20 Dissenting Opinions. In the dissenting opinion they believe that the House of Lords decision was correct and the injunction only went as far as necessary. It is for the national authorities to make the initial assessment of the danger and to judge what restrictive measures are necessary. In this case it is undeniable that it should be a decision for the House of Lords as they are better qualified. The article was of a special character as it contained new information and gave evidence that was presented in a way to suggest there was negligence on the part of the Distillers, and so was more likely to give rise to prejudgment.

21 Dissenting Opinions The national court was in a better position to decide how likely a decision was in the case of the parents who refused to settle, and therefore how dormant the case was. The restriction was only in relation to the scope of the subject matter and duration of the case, it was not a general restraint on the discussion of the issue. The House of Lords foresaw that the situation surrounding the restraint could change and so it could be withdrawn in the future.

22 Comparative Analysis Tourancheau and July v France, 24 November 2005 Pre-trial publicity, secret of criminal investigation, court reporting, prejudicial effect on jury Tourancheau published an article about a murder case, which was still under investigation, which contained extracts from the suspects’ statements and other comments contained in the case file.
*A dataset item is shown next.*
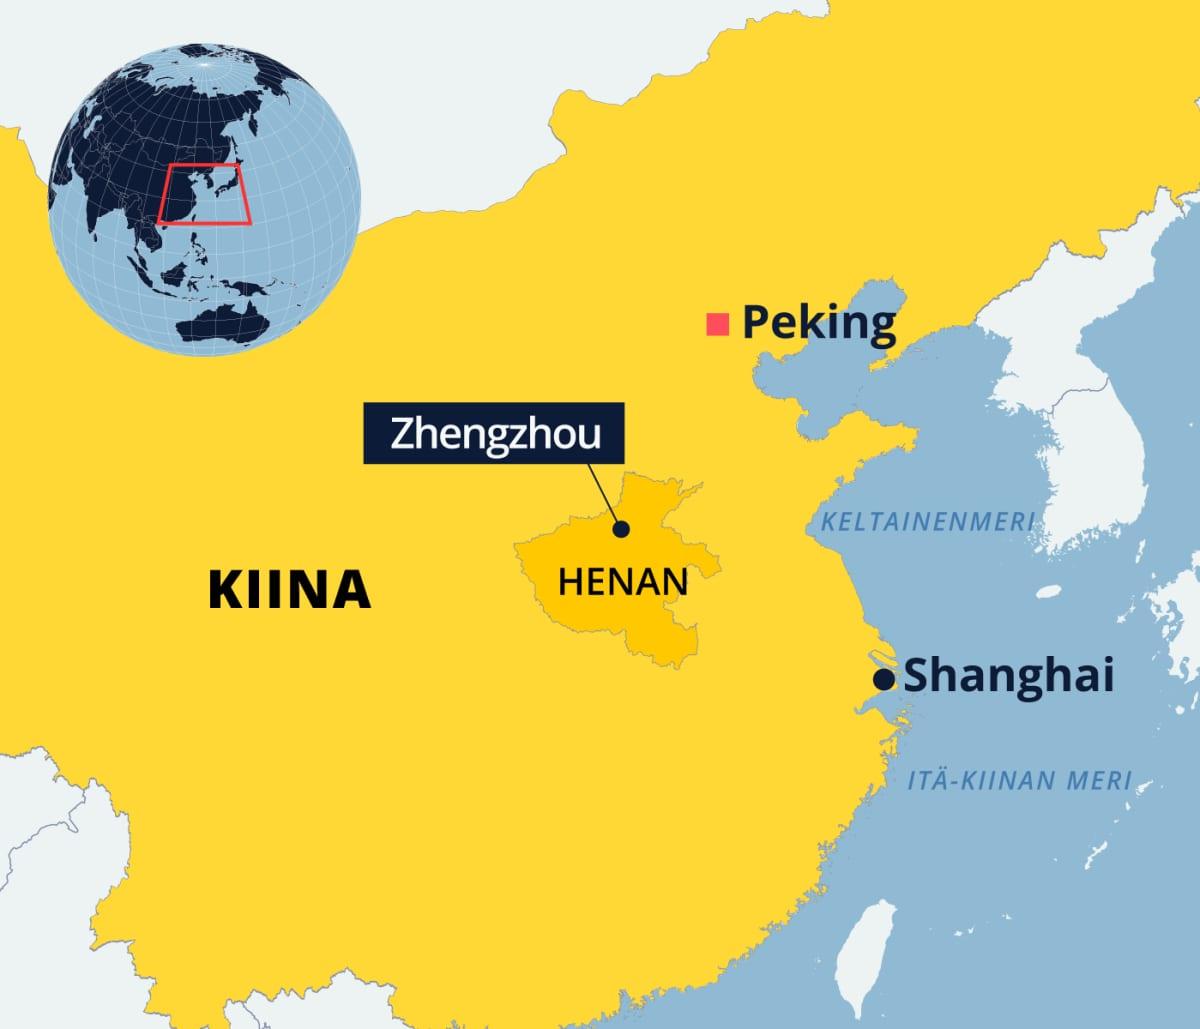 Kartta Kiinasta, Henanin maakunnasta.

23 Comparative Analysis Section 38 of the Press Act 1881 prohibits the publication of any document of criminal proceedings until the day of the hearing in court. Tourancheau and the daily newspaper were found guilty, and both suspects had been convicted in the murder case and sentenced to imprisonment. In this case the Court found that the conviction of Tourancheau and the newspaper was not a violation of Article 10. This was because the scope of the prohibition was clearly defined in s. 38 Press Act 1881, in terms of both content and duration.
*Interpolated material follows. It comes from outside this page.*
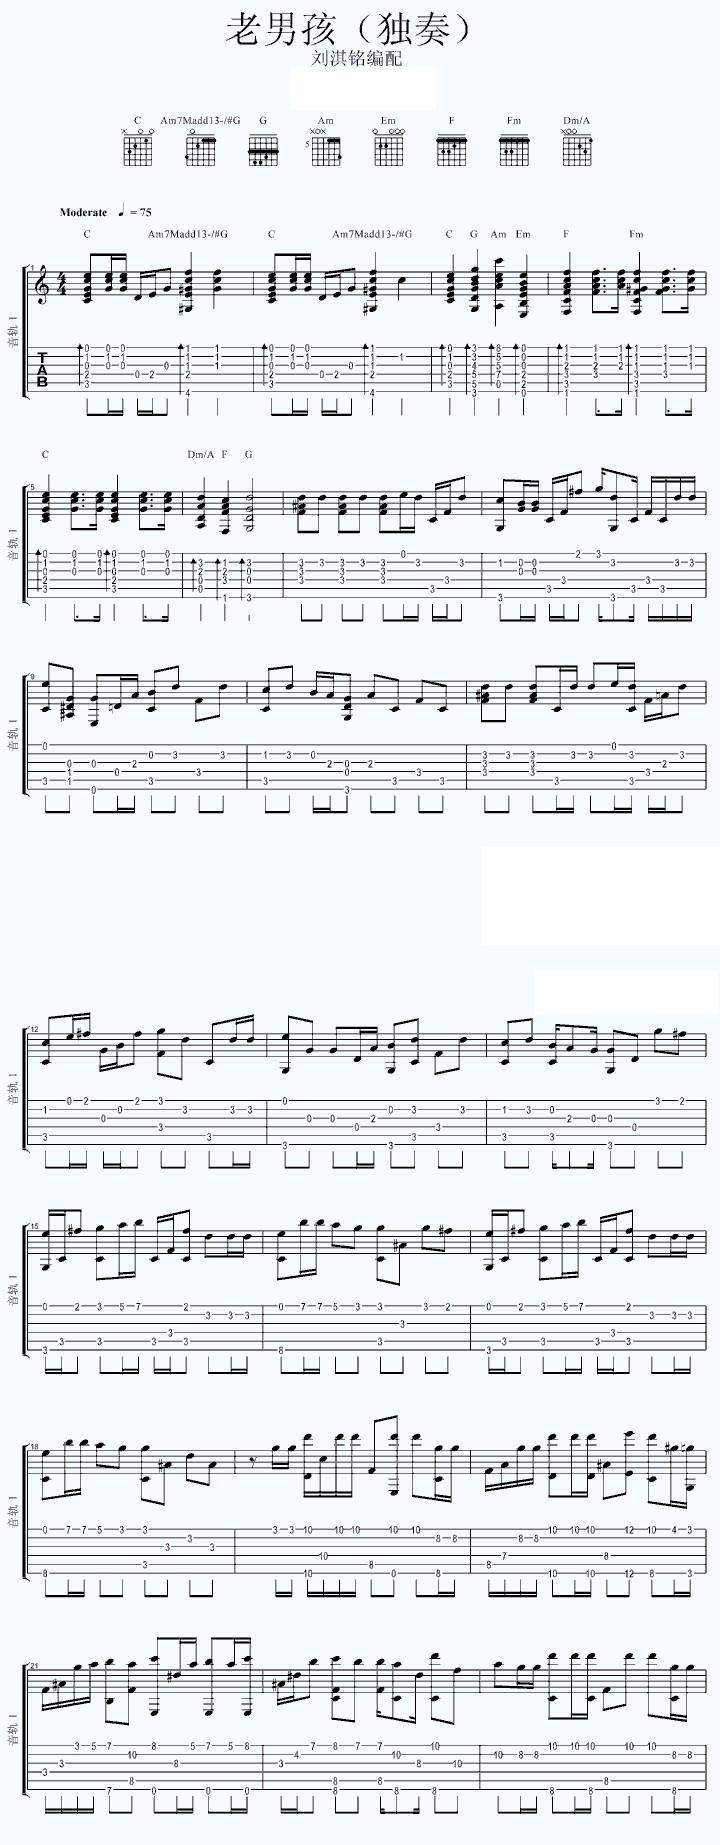 老男孩(独奏)的吉他谱

24 Comparative Analysis The Court agreed with the French courts justification for the conviction, that it was necessary in a democratic society of protecting the right and reputation of others and to maintain the authority and impartiality of the judiciary, and that the interest of the public in receiving such information was not enough to override those considerations. However in this case it was the smallest possible majority judgment, and the dissenting judges did not think that the breach of presumption of innocence or the impact on the impartiality of the judiciary was enough to allow the conviction to stand, and took a similar view to that in The Sunday Times case.
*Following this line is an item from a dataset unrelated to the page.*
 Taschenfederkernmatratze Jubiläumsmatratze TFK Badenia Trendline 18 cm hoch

25 Comparative Analysis with the US News media are ordinarily free to publish information lawfully obtained Heavy presumption against the validity of prior restraints – Prior restraints are “the most serious and the least tolerable infringement on First Amendment rights”First Amendment – Sustained only where activity poses clear and present danger or serious and imminent threat to competing governmental interest, ie assuring accused a fair trial

26 Nebraska Press Association v. Stuart 1 st Amendment right to free press v. defendant’s 6 th Amendment right to fair trial Supreme Court struck down order prohibiting media from publishing information about defendant accused of murdering family There is a heavy burden on the party seeking to restrain the press. The Court looked at – 1)"the nature and extent of the pretrial news coverage." – 2) whether other less restrictive measures would have alleviated the effects of pretrial publicity. – 3) the effectiveness of an injunction in preventing the threatened danger.